The parties themselves are also the biggest indicator of which seats are competitive. If you look at it as detailed as Jay Cost does here, a picture emerges, not of a Democratic sweep but of uncertainty:
Absent reliable polling in each district, I would say that these 35 seats, plus the 4 seats that it fails to capture, are the real battlefield. That would mean that 37 Republican seats and 4 Democratic seats are, in one way or another, up for grabs.

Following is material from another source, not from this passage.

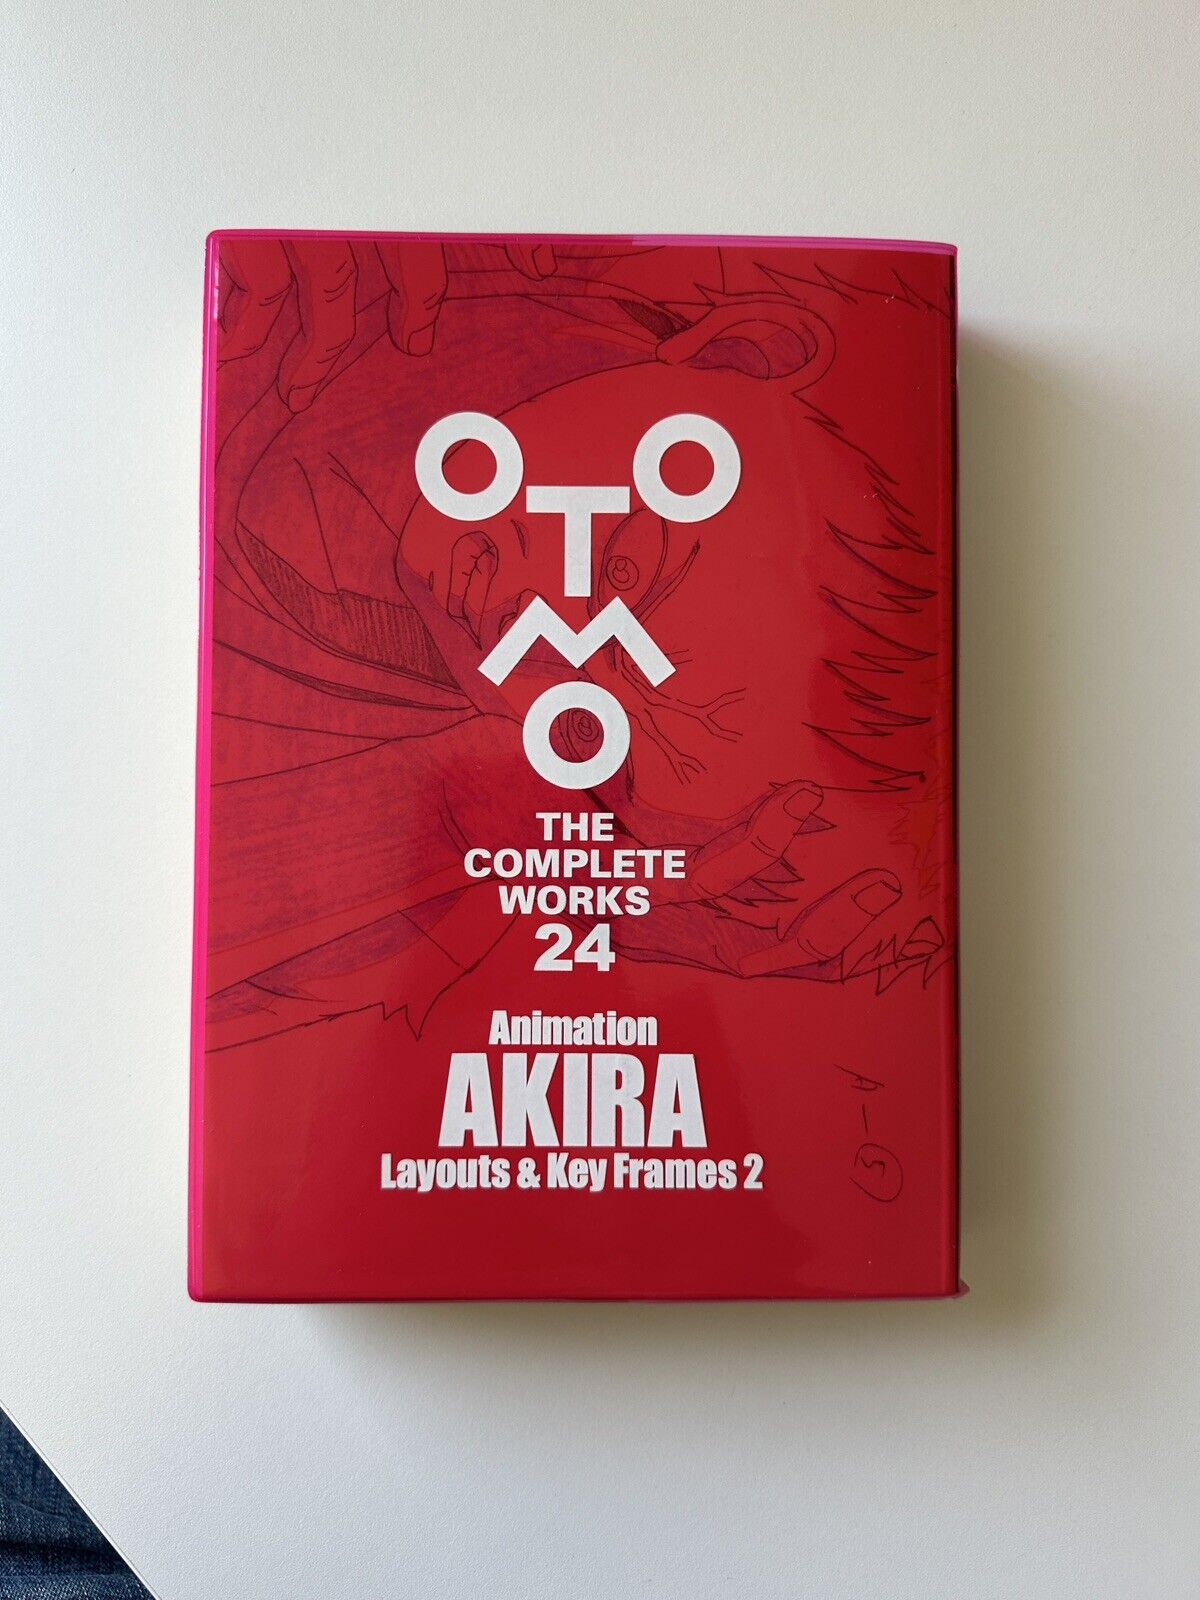 Otomo: The Complete Works 24 AKIRA

This might seem like a lot for the Republicans to defend, and from a certain perspective it is. However, whether or not the Democrats pick up control of the House by plucking a net of 15 of these districts really depends upon the probability of flipping we assign to each race. If, for instance, both parties have an equal shot in every seat, we should expect the Democrats to net 16 to 17 seats - and the Democrats have a 73% chance of taking the House. If the Democrats have a 40% chance in every seat, we should expect them to net 12 to 13 seats - and they have a 25% chance of taking the House. If the Democrats have a 60% chance in every seat, we should expect them to net 20 to 21 seats - and they have a 97% chance of taking the House.
This is the main reason I am skeptical of the "wave," i.e. a net of 25 or more for the Democrats. Even if we give the Democrats 2/1 odds in each contest, with this battlefield there is still only a 35% chance that they net 25 or more seats.
What are the true probabilities for these races? I honestly have not the foggiest idea beyond some basic intuitions (e.g. the GOP has a less than 50% chance in at least 6 to 7 seats). Of course, lots and lots (and lots and lots) of people are ready and willing to assign very specific probabilities to these races. But are they able? What are the data points we should use in such an endeavor?
Should we use House polls from companies we have never heard of, who are obviously pushing polls to drum up business for themselves after the election, who use samples that have strange origins, who use methods that are unpublished and probably underdetermined, who publish results that contradict other polls?
Should we use the rumors and innuendos we happen to stumble upon, the inside gossip to which almost all of us are not privy, and to which - if we are privy - we hear third, fourth, or fifth hand?
Should we use a favored set of anecdotes, interesting stories told by local news outlets on a given horse race that capture our attention, even if its actual effect on the race is undeterminable?
Assuming we can use any of this data - a condition that I think remains unfulfilled - another question presents itself: how do we use this data to assign odds? What weight should we give each data point? I honestly have no clue. It seems to me to be quite easy, in almost all districts, to write a storyline, a believable storyline, that favors one side over the other - and from that assign a probability. But, at the end of the day, what is the data that is inducing this assignment? It seems to me that it is is just a set of questionable polls, unfounded rumors and potentially irrelevant anecdotes to which we have, without any real justification, assigned determinative weight.
Ultimately, only one poll counts in the end. So don't get swayed into not doing so.